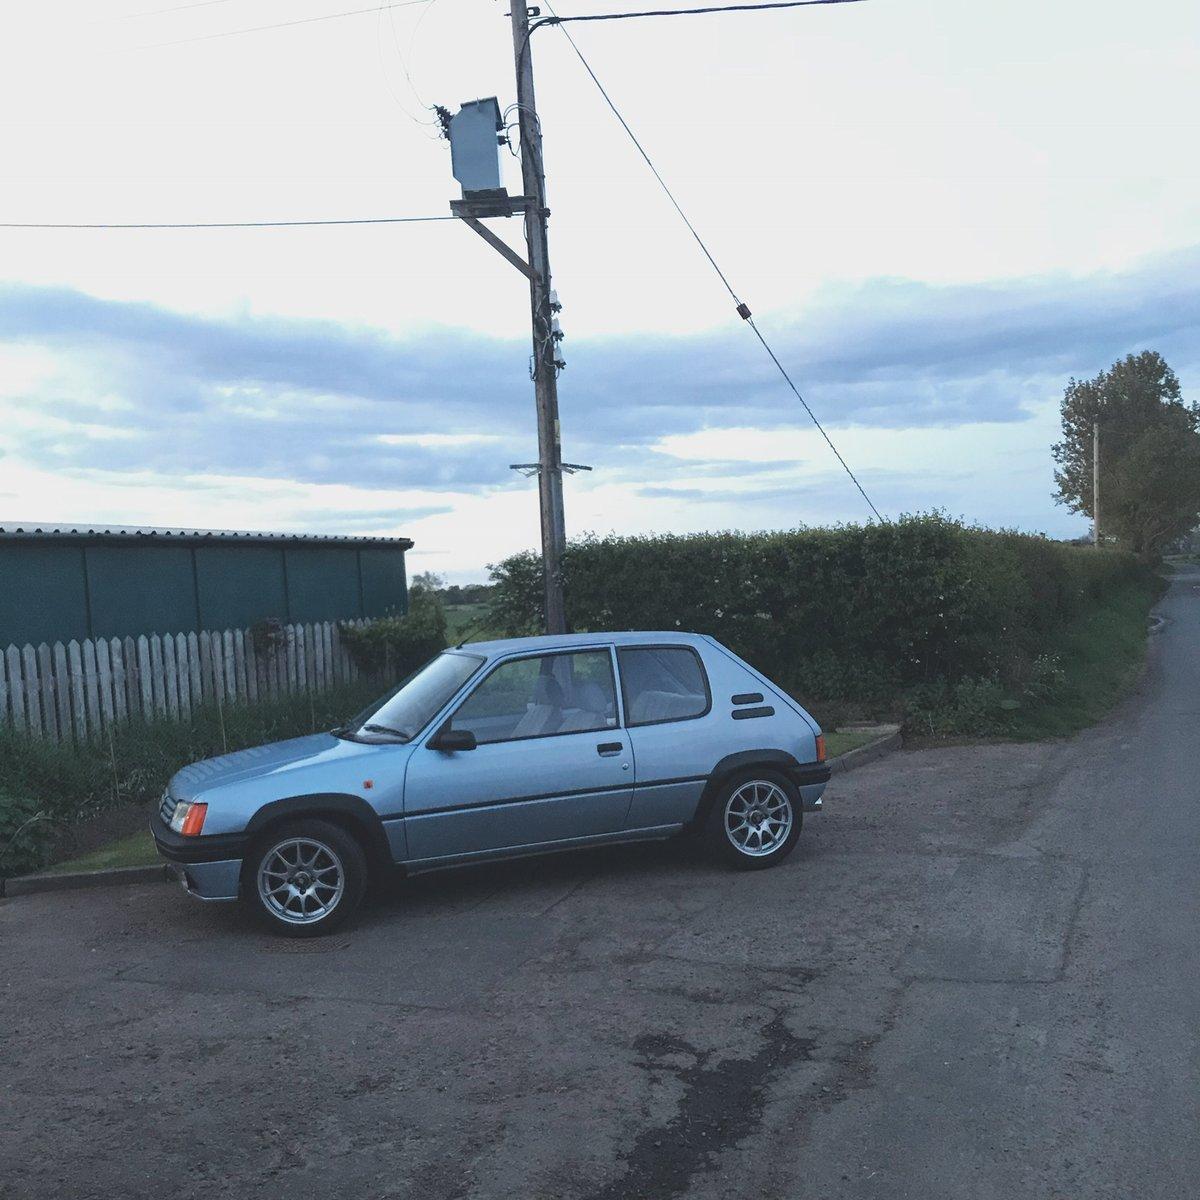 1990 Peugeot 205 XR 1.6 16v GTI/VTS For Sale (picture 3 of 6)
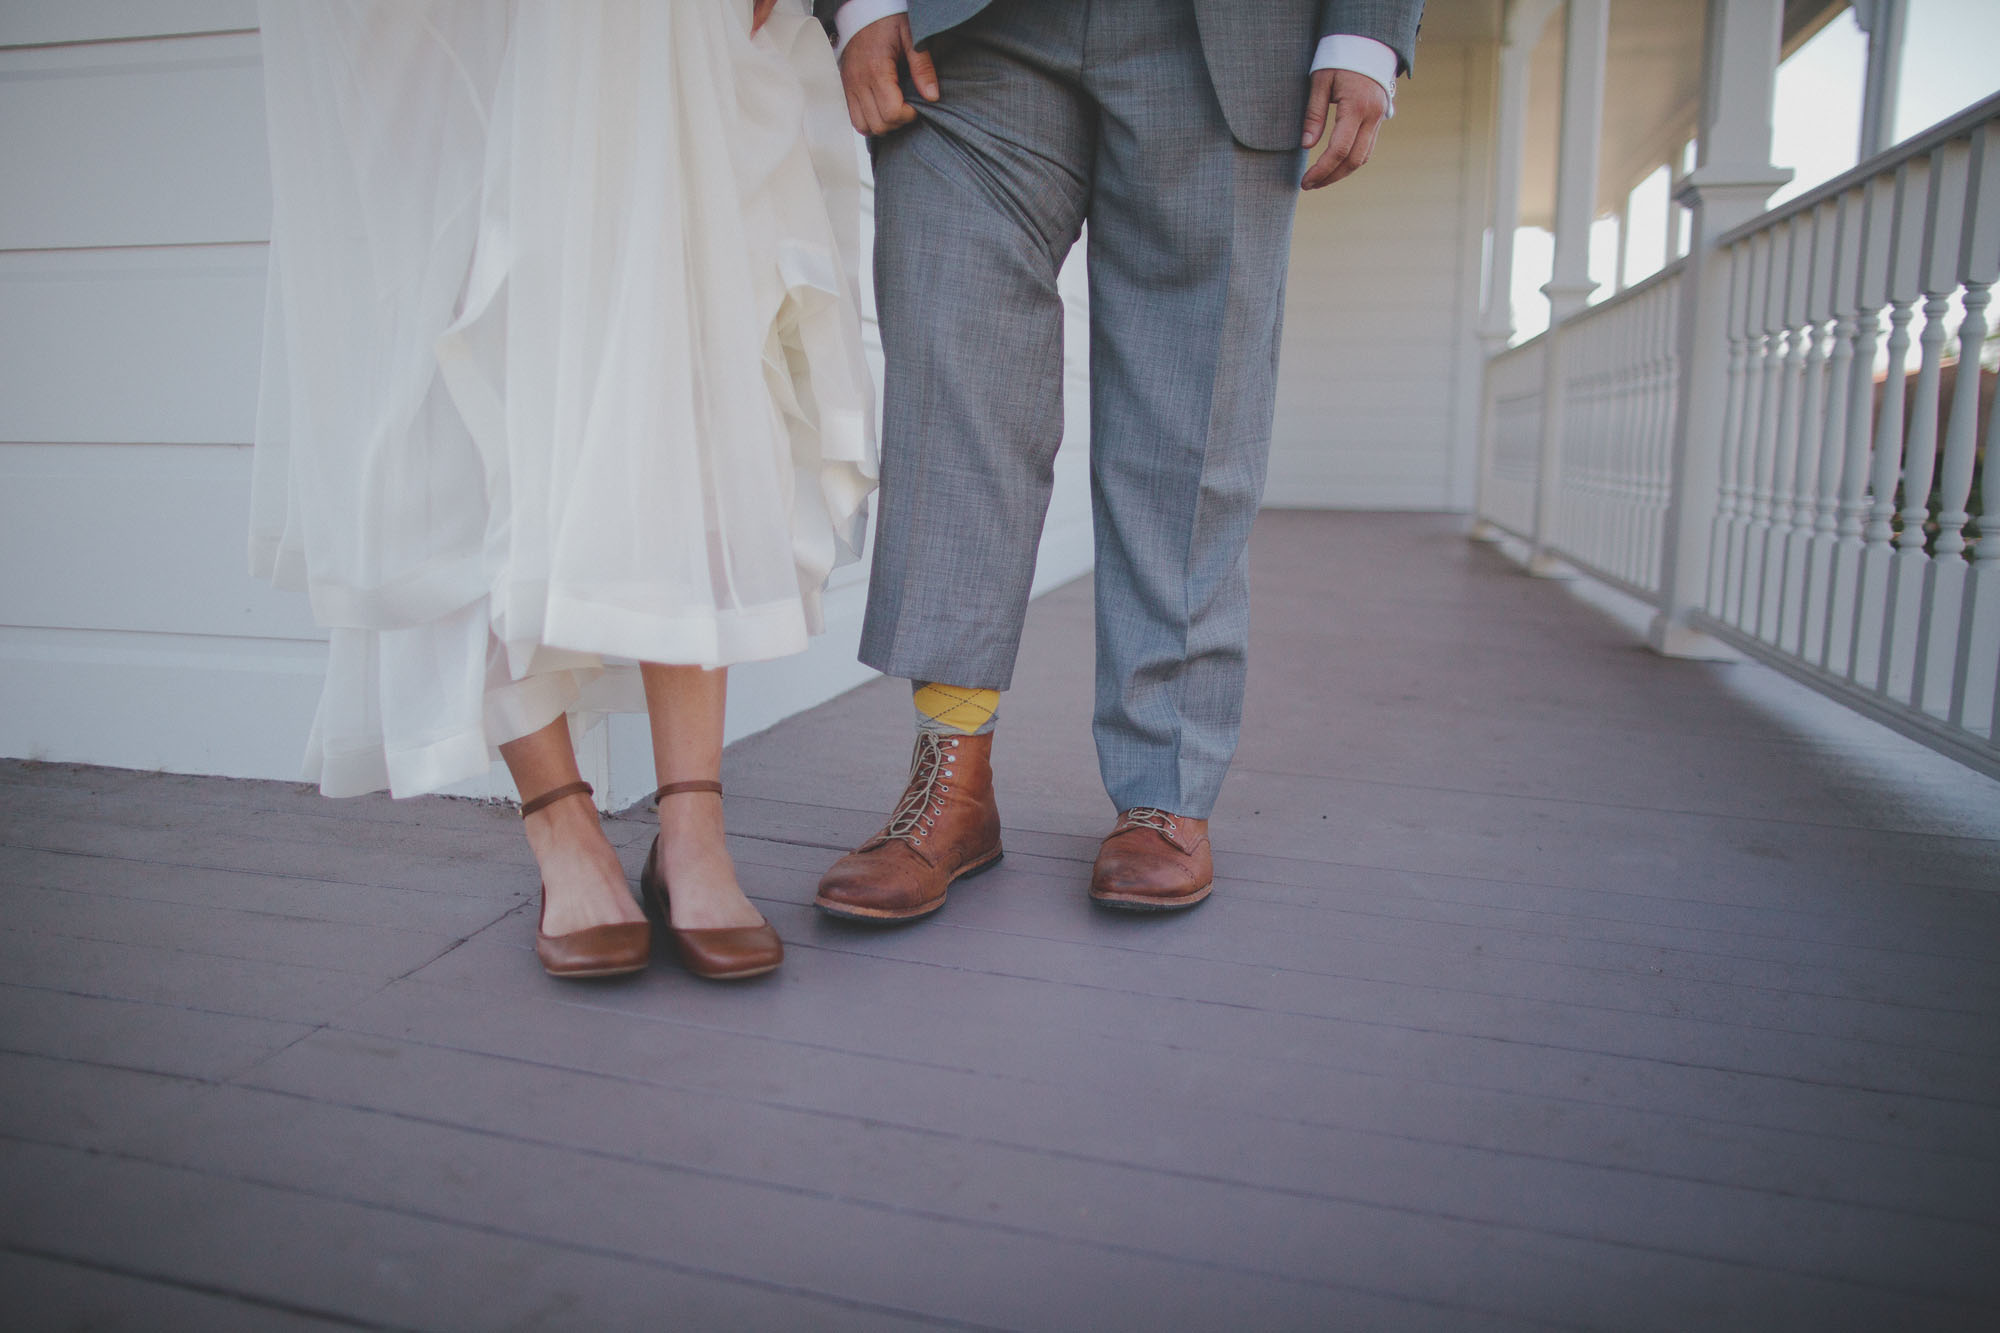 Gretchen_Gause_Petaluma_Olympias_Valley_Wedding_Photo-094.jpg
...
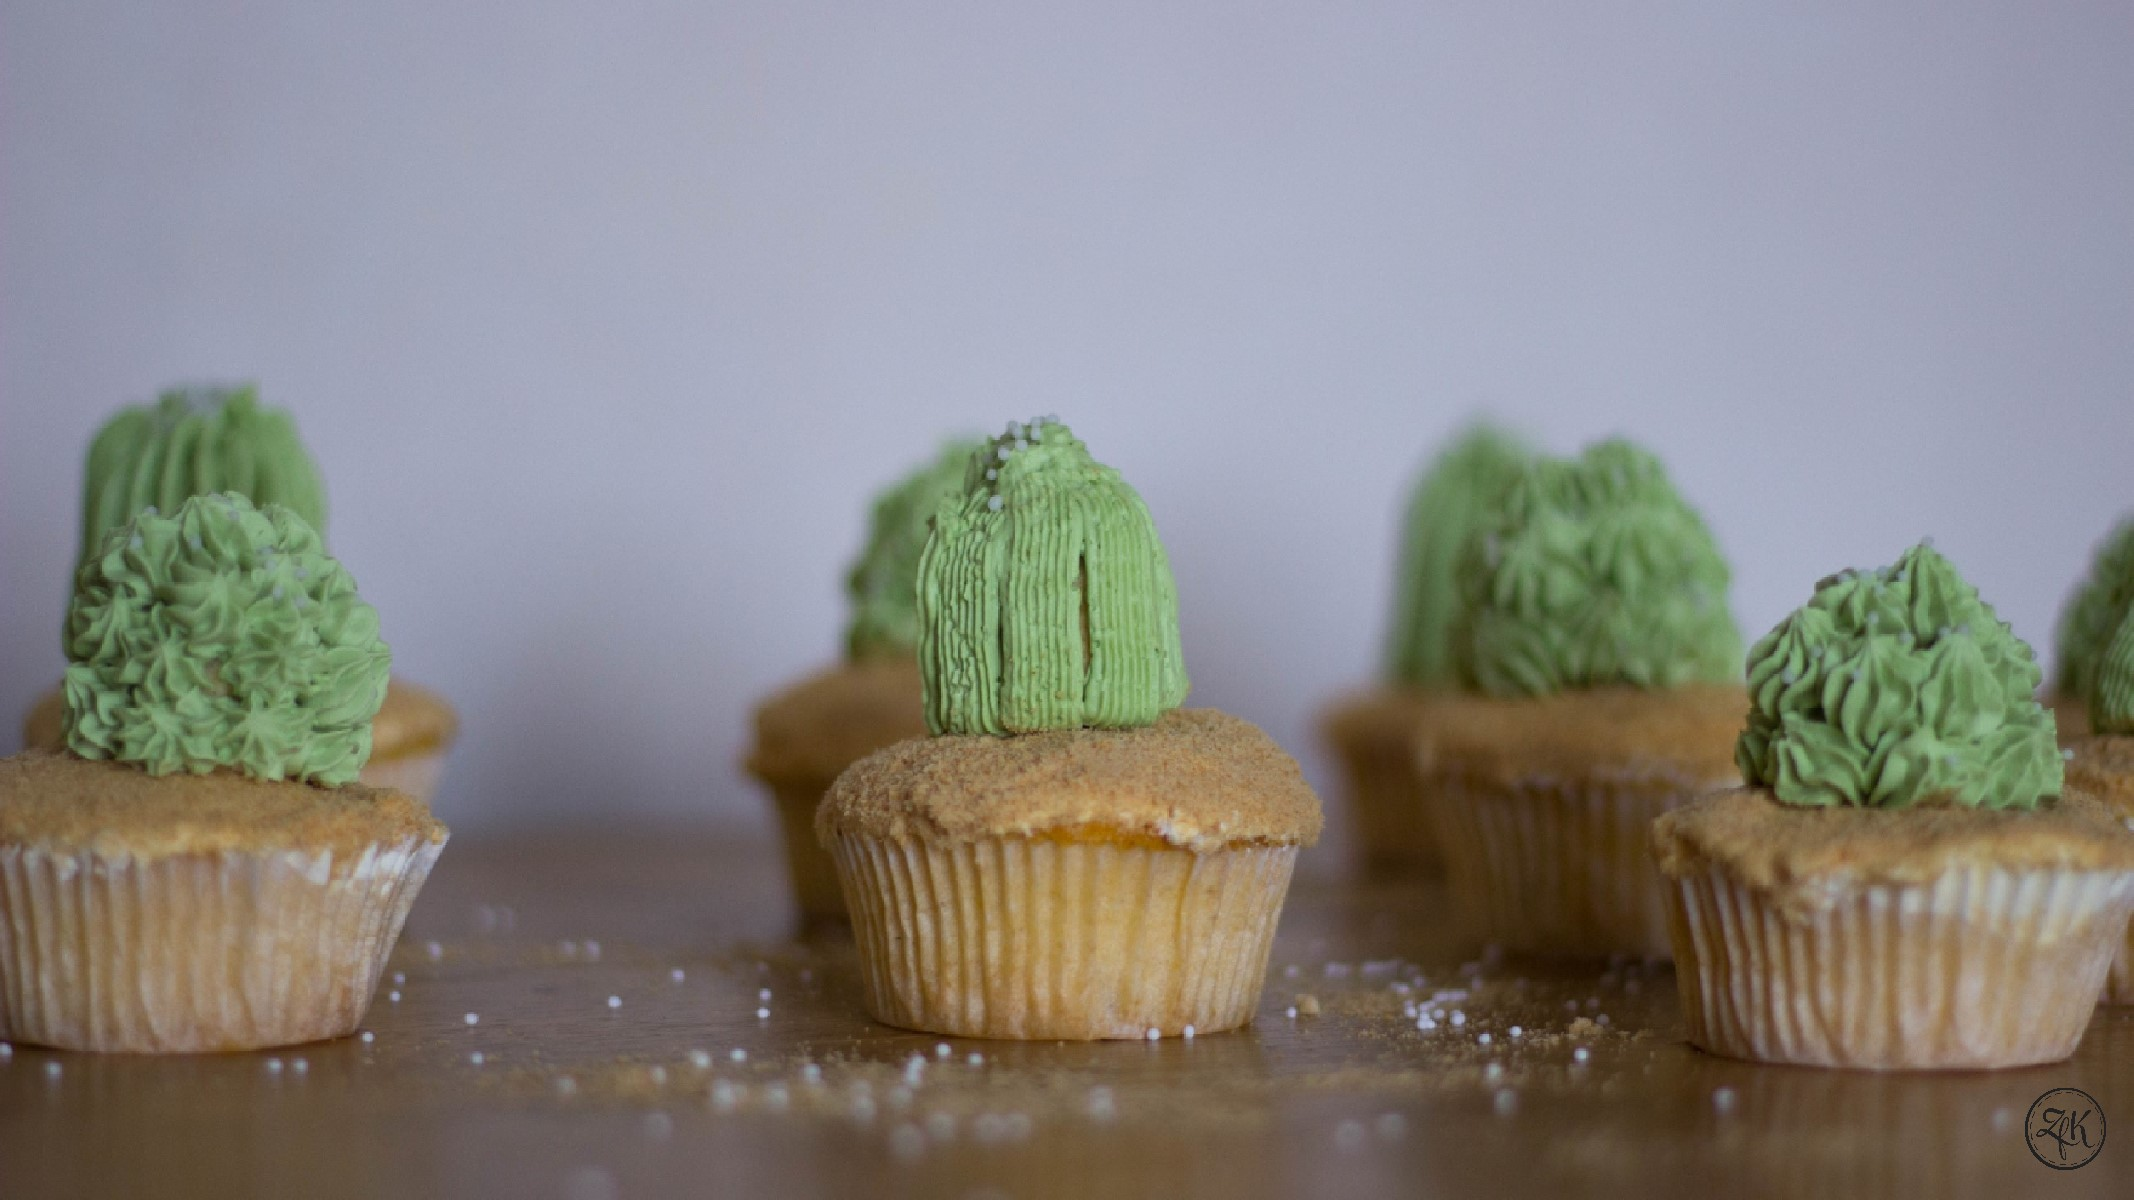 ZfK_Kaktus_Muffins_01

■ YOUR OBJECTIVE ■
Your copy should hold only the lines above from the one containing "1990 Peugeot 205" through the one containing "Gretchen_Gause_Petaluma_Olympias_Valley_Wedding_Photo-094.jpg", exactly as written and free of pictures.

■ SOLUTION TO THIS PROBLEM ■
 1990 Peugeot 205 XR 1.6 16v GTI/VTS For Sale (picture 3 of 6)
 Gretchen_Gause_Petaluma_Olympias_Valley_Wedding_Photo-094.jpg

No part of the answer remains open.